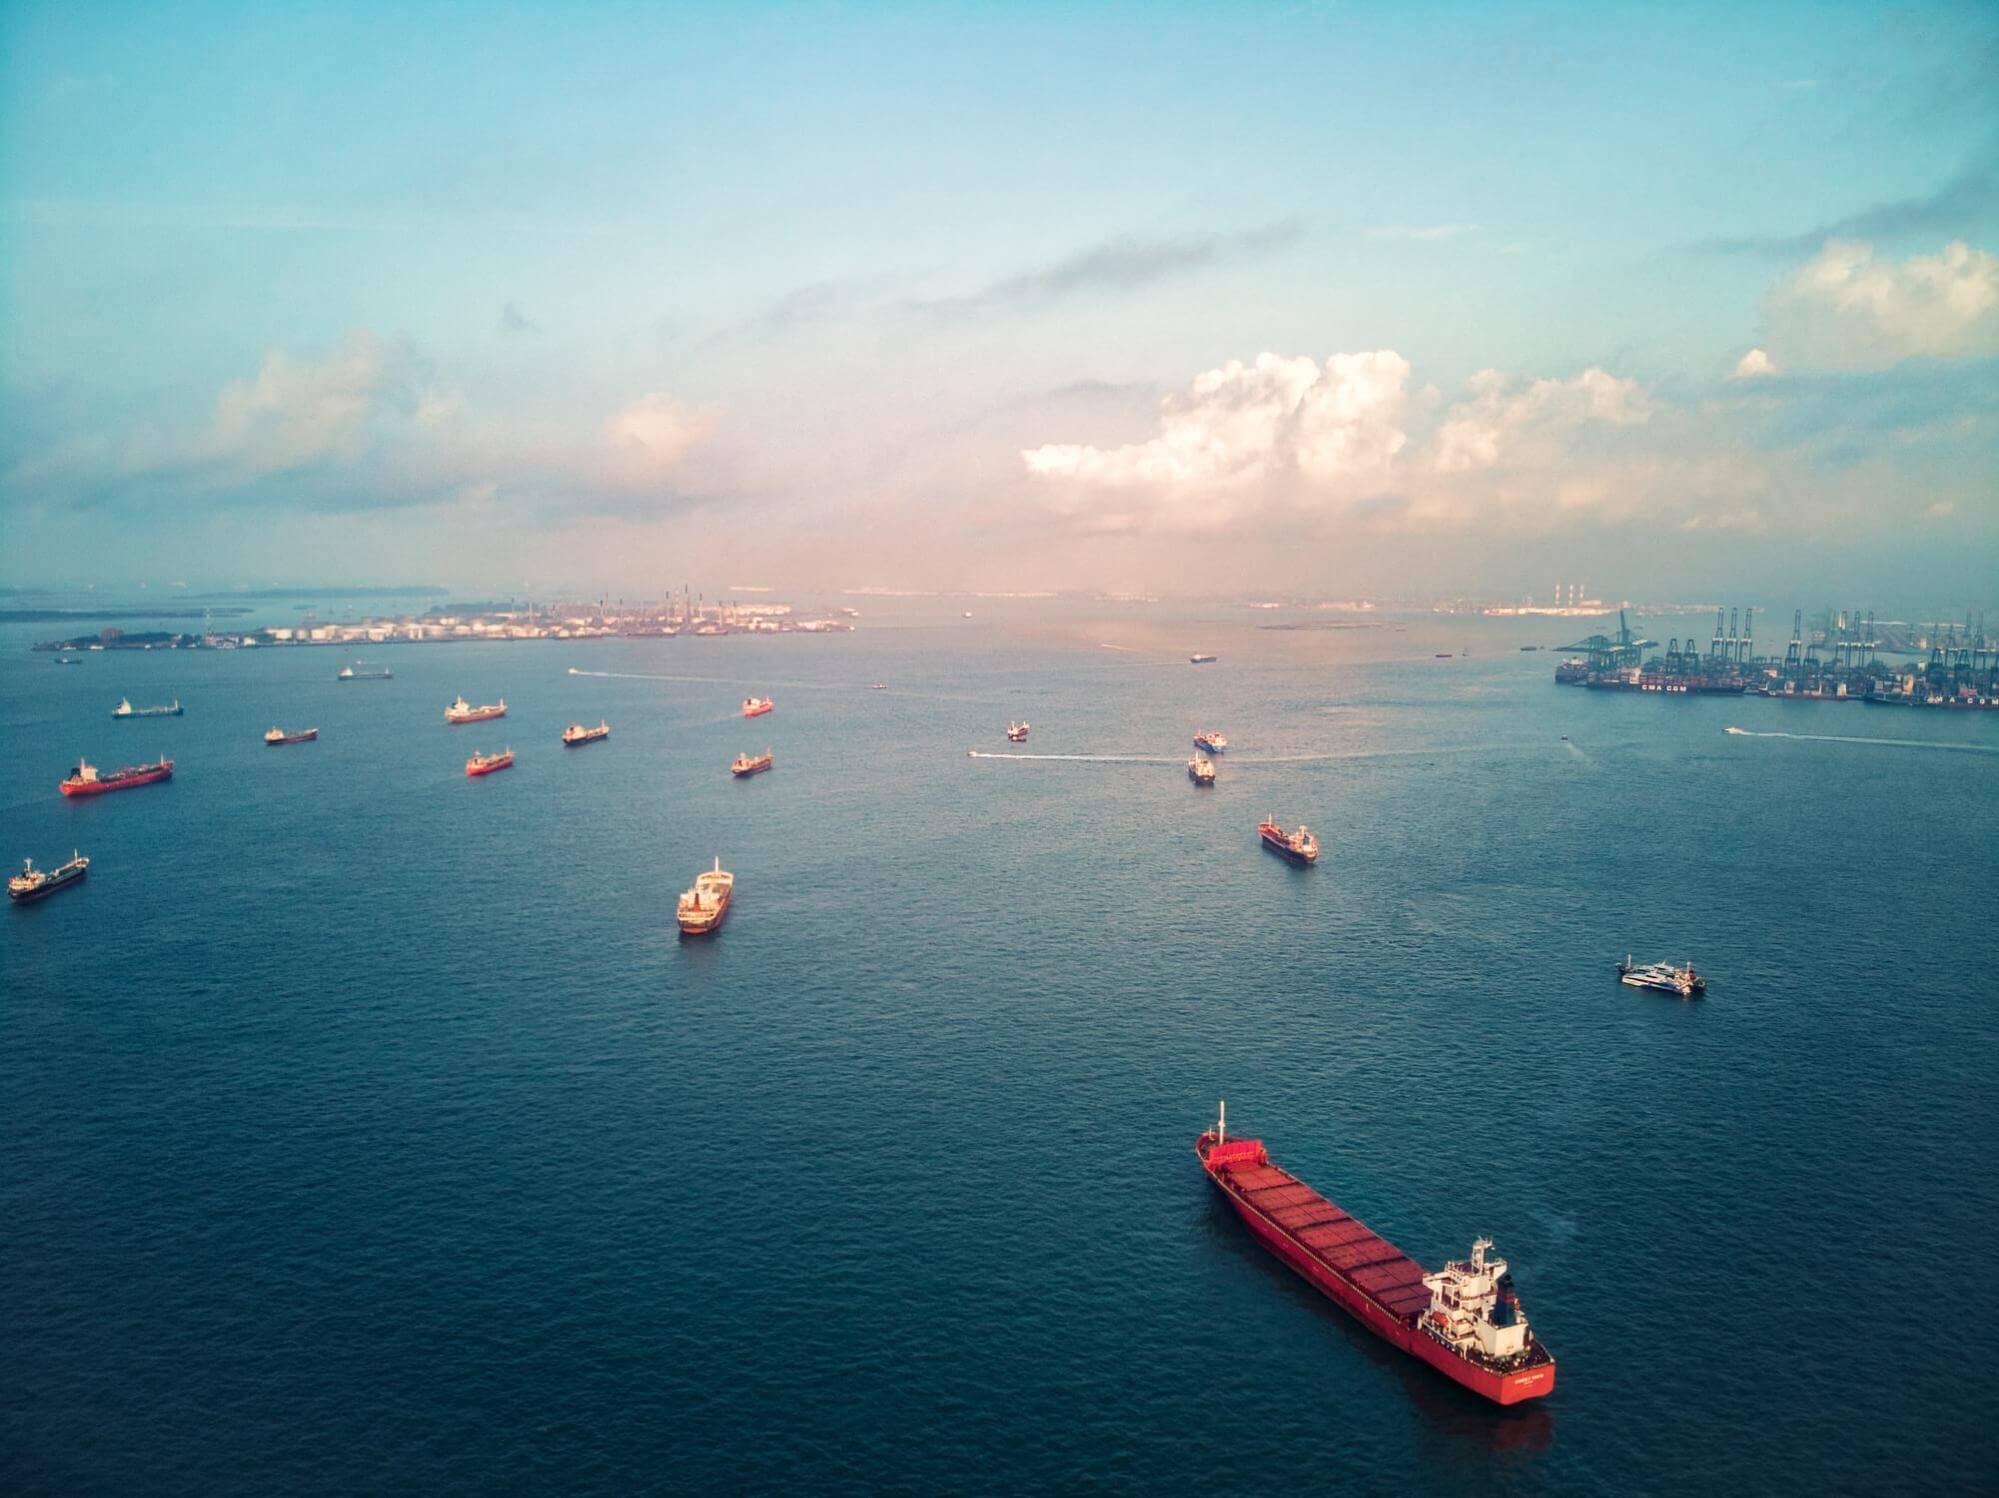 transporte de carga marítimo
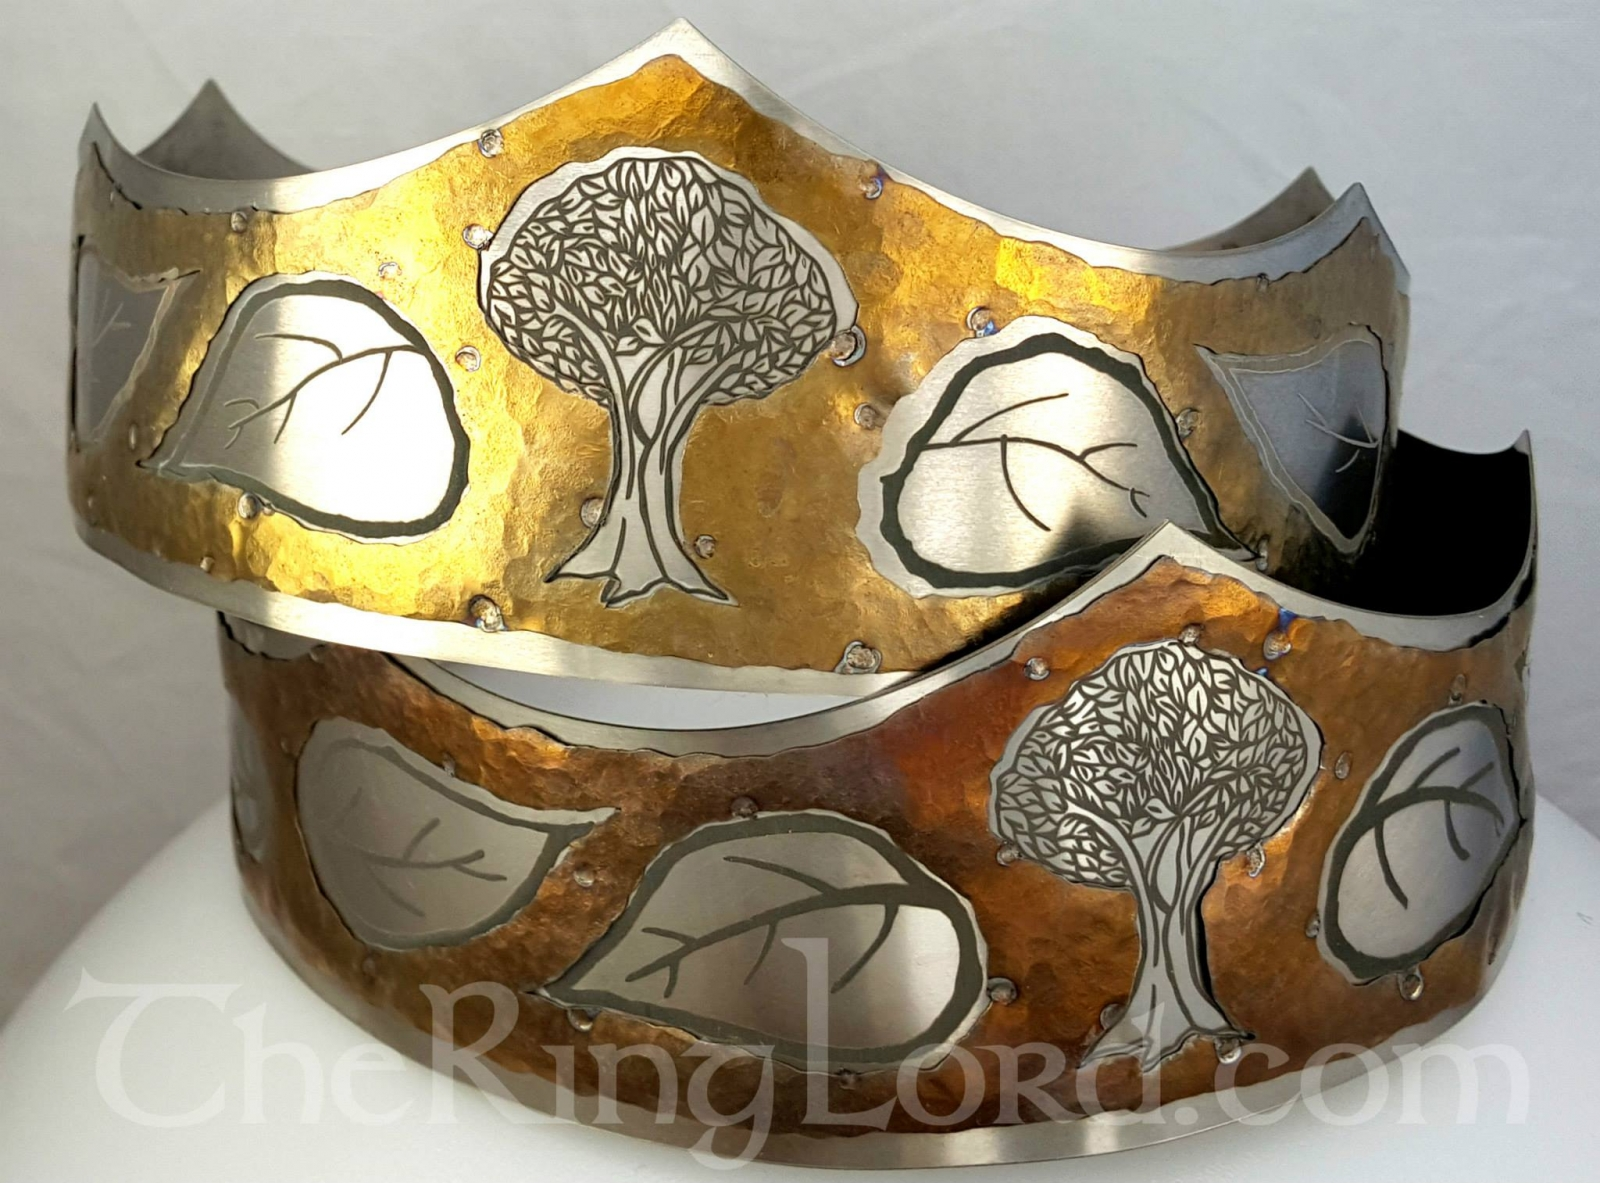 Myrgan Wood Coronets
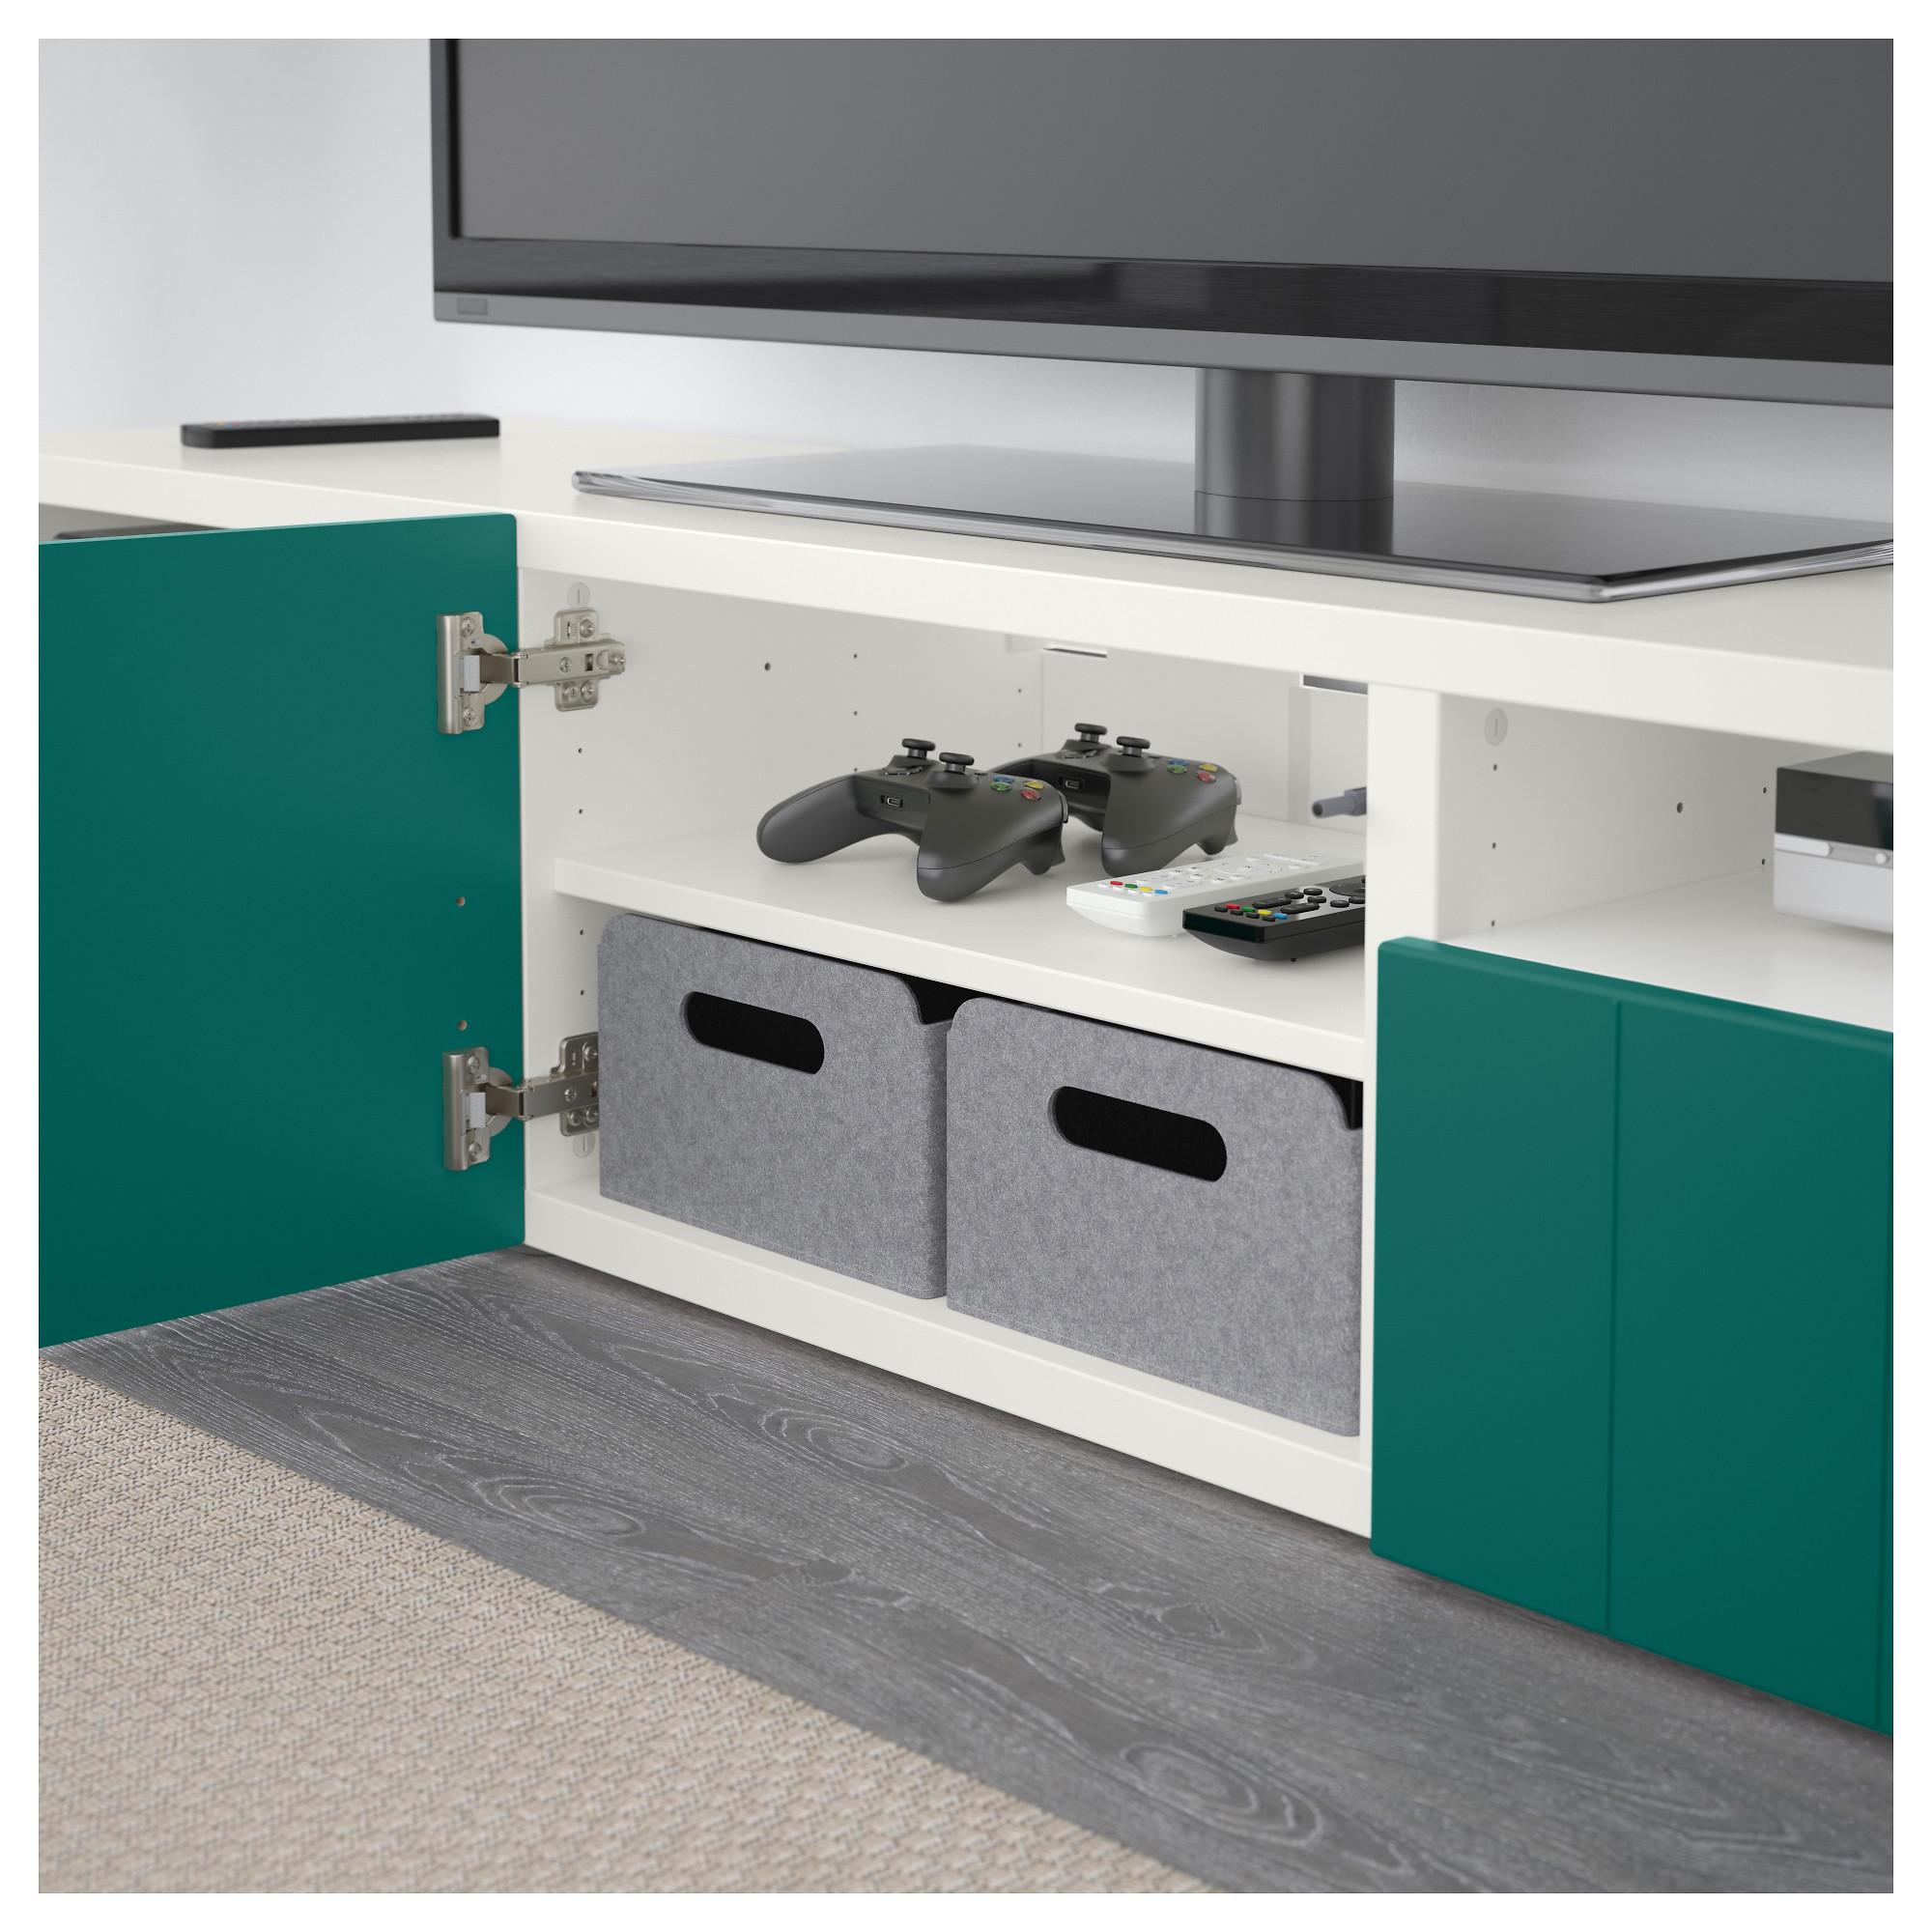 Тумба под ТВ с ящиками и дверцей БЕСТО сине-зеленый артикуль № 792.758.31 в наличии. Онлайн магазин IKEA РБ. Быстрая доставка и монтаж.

------------------------------

I'd like the material repeated word for word, without the pictures it holds.

 transporte de carga marítimo
 Myrgan Wood Coronets
 Тумба под ТВ с ящиками и дверцей БЕСТО сине-зеленый артикуль № 792.758.31 в наличии. Онлайн магазин IKEA РБ. Быстрая доставка и монтаж.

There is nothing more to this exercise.